Split long record into csv file

04-27-2009

Registered User

26, 0

Join Date: Feb 2005

Last Activity: 24 June 2015, 2:56 PM EDT

Location: Ontario

Posts: 26

Thanks Given: 0

Thanked 0 Times in 0 Posts

Split long record into csv file

Hi

I receive a mainframe file which has very long records (1100 chars) with no field delimiters. I need to parse each record and output a comma delimited (csv) file. The record layout is fixed. If there weren't so many fields and records I would read the file into Excel, as a "fixed width" file and manually split the record into it's separate components, but that is too time consuming and anyway, there are way too many records.

I was thinking of doing something in awk, like
read line
a=substr(line,1,5)
b=substr(line,6,2)
etc for each of the 226 fields
write a,b,c.......

but I'm sure there is a better way.

Any help will be much appreciated.

wvdeijk

View Public Profile for wvdeijk

Find all posts by wvdeijk

04-27-2009

Moderator

8,825, 1,112

Join Date: Feb 2005

Last Activity: 23 August 2021, 11:26 AM EDT

Location: Foxborough, MA

Posts: 8,825

Thanks Given: 579

Thanked 1,112 Times in 1,003 Posts

do you know the width of every field?
Can you come up with the list?

Last edited by vgersh99; 04-27-2009 at 02:44 PM..

vgersh99

View Public Profile for vgersh99

Find all posts by vgersh99

04-27-2009

Registered User

2,524, 241

Join Date: Dec 2007

Last Activity: 17 March 2020, 2:04 PM EDT

Posts: 2,524

Thanks Given: 173

Thanked 241 Times in 206 Posts

Yes, the following does as a function, but can be done manually

Because I often have to read thru a fixed record file, I created the following function.
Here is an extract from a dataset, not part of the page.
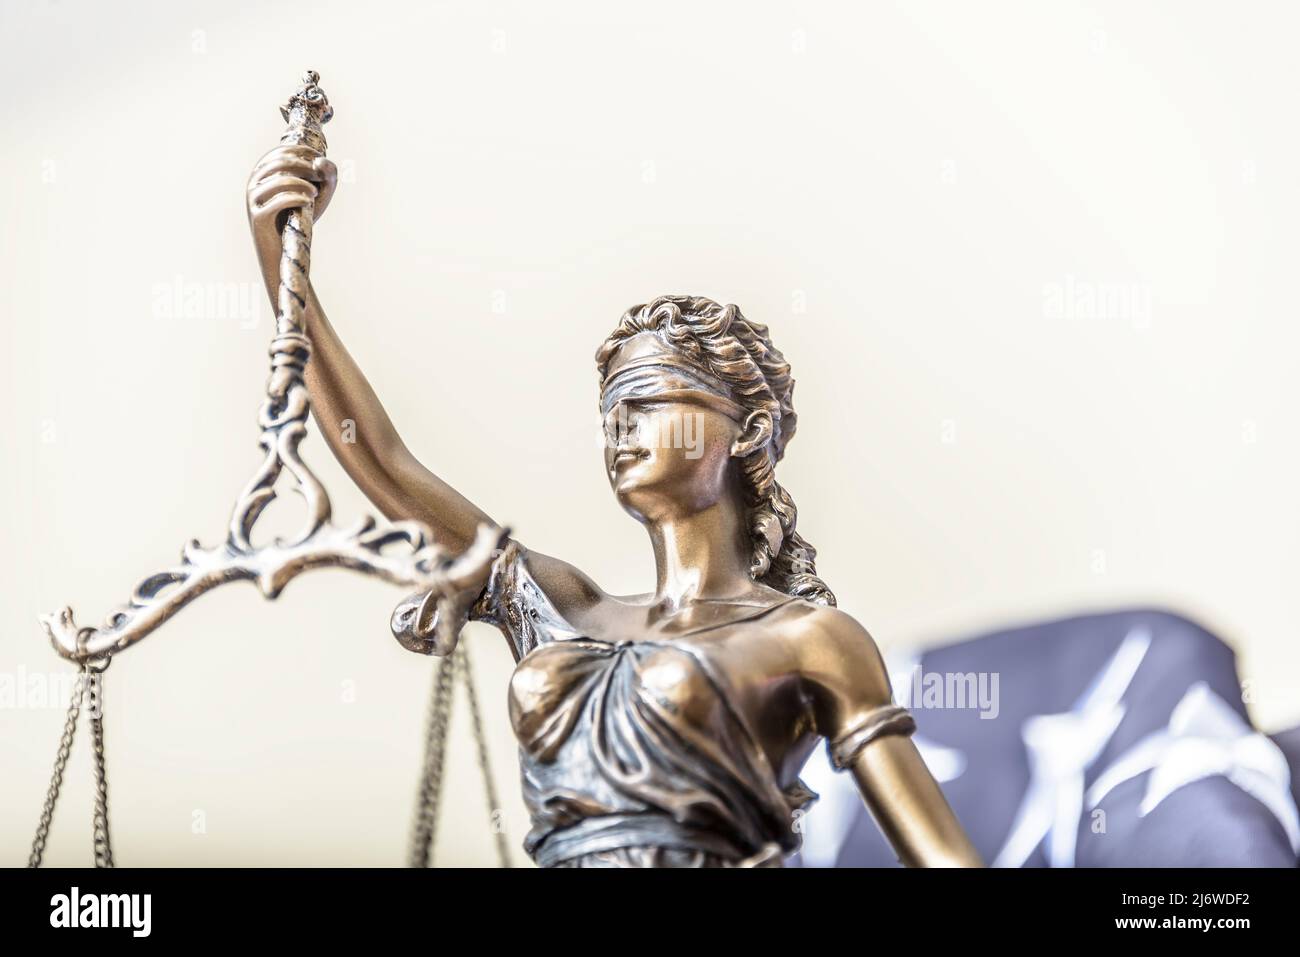 La statua di giustizia Themis o Iustitia, la dea della giustizia bendata contro una bandiera degli Stati Uniti d'America, come un concetto legale. Foto Stock
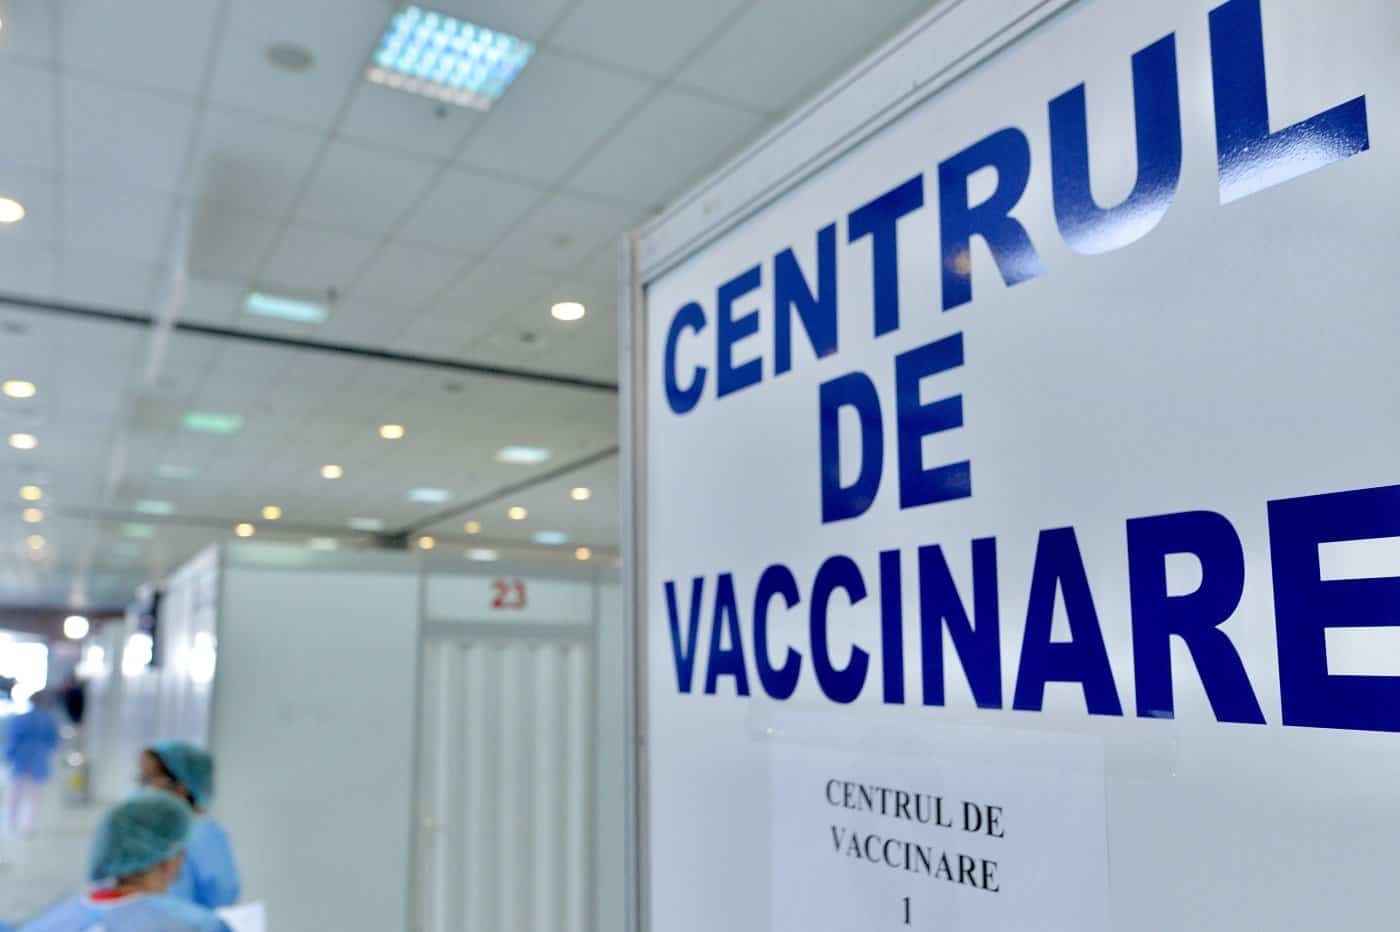 centru de vaccinare închis după descinderi ale poliției - sunt suspiciuni privind certificate false

It shows a basic way of defining fields and making a csv file. After defining the function, I often do something like:

grep "^abc" myfile | eoc2csv >20090427file.csv

Code:

FSvar=","      ### set FS variable for field separator
eoc2csv ()
{
   awk -v FSvar=$FSvar '
     {FS=IFS=OFS=FSvar}
     {
     SI=substr($0,1,13)
     NA=substr($0,14,30)
     AD=substr($0,44,92)
     GR=substr($0,136,9)
     CC=substr($0,164,6)
     UA=substr($0,170,4)
     DT=substr($0,180,3)
     ED=substr($0,183,8)
     DS=substr($0,251,8)
     JN=substr($0,271,10)
     SQ=substr($0,293,8)
     ET=substr($0,397,1)
     GT=substr($0,401,2)
     SD=substr($0,451,10)

     print SI,NA,AD,GR,CC,UA,DT,ED,DS,JN,SQ,ET,GT,SD
   }'
   return
}

Also seen where someone
cut -c1-5 myfile >file001
cut -c6-15 myfile >file002
and so on
paste -d"," file001 file002 ... >newfile

Not really any easier way I can think of - one way or another you will have to define all those fields.

joeyg

View Public Profile for joeyg

Find all posts by joeyg

04-27-2009

Moderator

8,825, 1,112

Join Date: Feb 2005

Last Activity: 23 August 2021, 11:26 AM EDT

Location: Foxborough, MA

Posts: 8,825

Thanks Given: 579

Thanked 1,112 Times in 1,003 Posts

my favorit is from comp.lang.awk - that's if you don't have 'gawk'. If you do have 'gawk' installed, it already has the 'FIELDWIDTHS' capability built in.
You enhance that by passing the 'FIELDWIDTHS' on cli:

Code:

function setFieldsByWidth(   i,n,FWS,start,copyd0) {
  # Licensed under GPL Peter S Tillier, 2003
  # NB corrupts $0
  copyd0 = $0                             # make copy of $0 to work on
  if (length(FIELDWIDTHS) == 0) {
    print "You need to set the width of the fields that you require" > "/dev/stderr"
    print "in the variable FIELDWIDTHS (NB: Upper case!)" > "/dev/stderr"
    exit(1)
  }

  if (!match(FIELDWIDTHS,/^[0-9 ]+$/)) {
    print "The variable FIELDWIDTHS must contain digits, separated" > "/dev/stderr"
    print "by spaces." > "/dev/stderr"
    exit(1)
  }

  n = split(FIELDWIDTHS,FWS)

  if (n == 1) {
    print "Warning: FIELDWIDTHS contains only one field width." > "/dev/stderr"
    print "Attempting to continue." > "/dev/stderr"
  }

  start = 1
  for (i=1; i <= n; i++) {
    $i = substr(copyd0,start,FWS[i])
    start = start + FWS[i]
  }
}

#Note that the "/dev/stderr" entries in some lines have wrapped.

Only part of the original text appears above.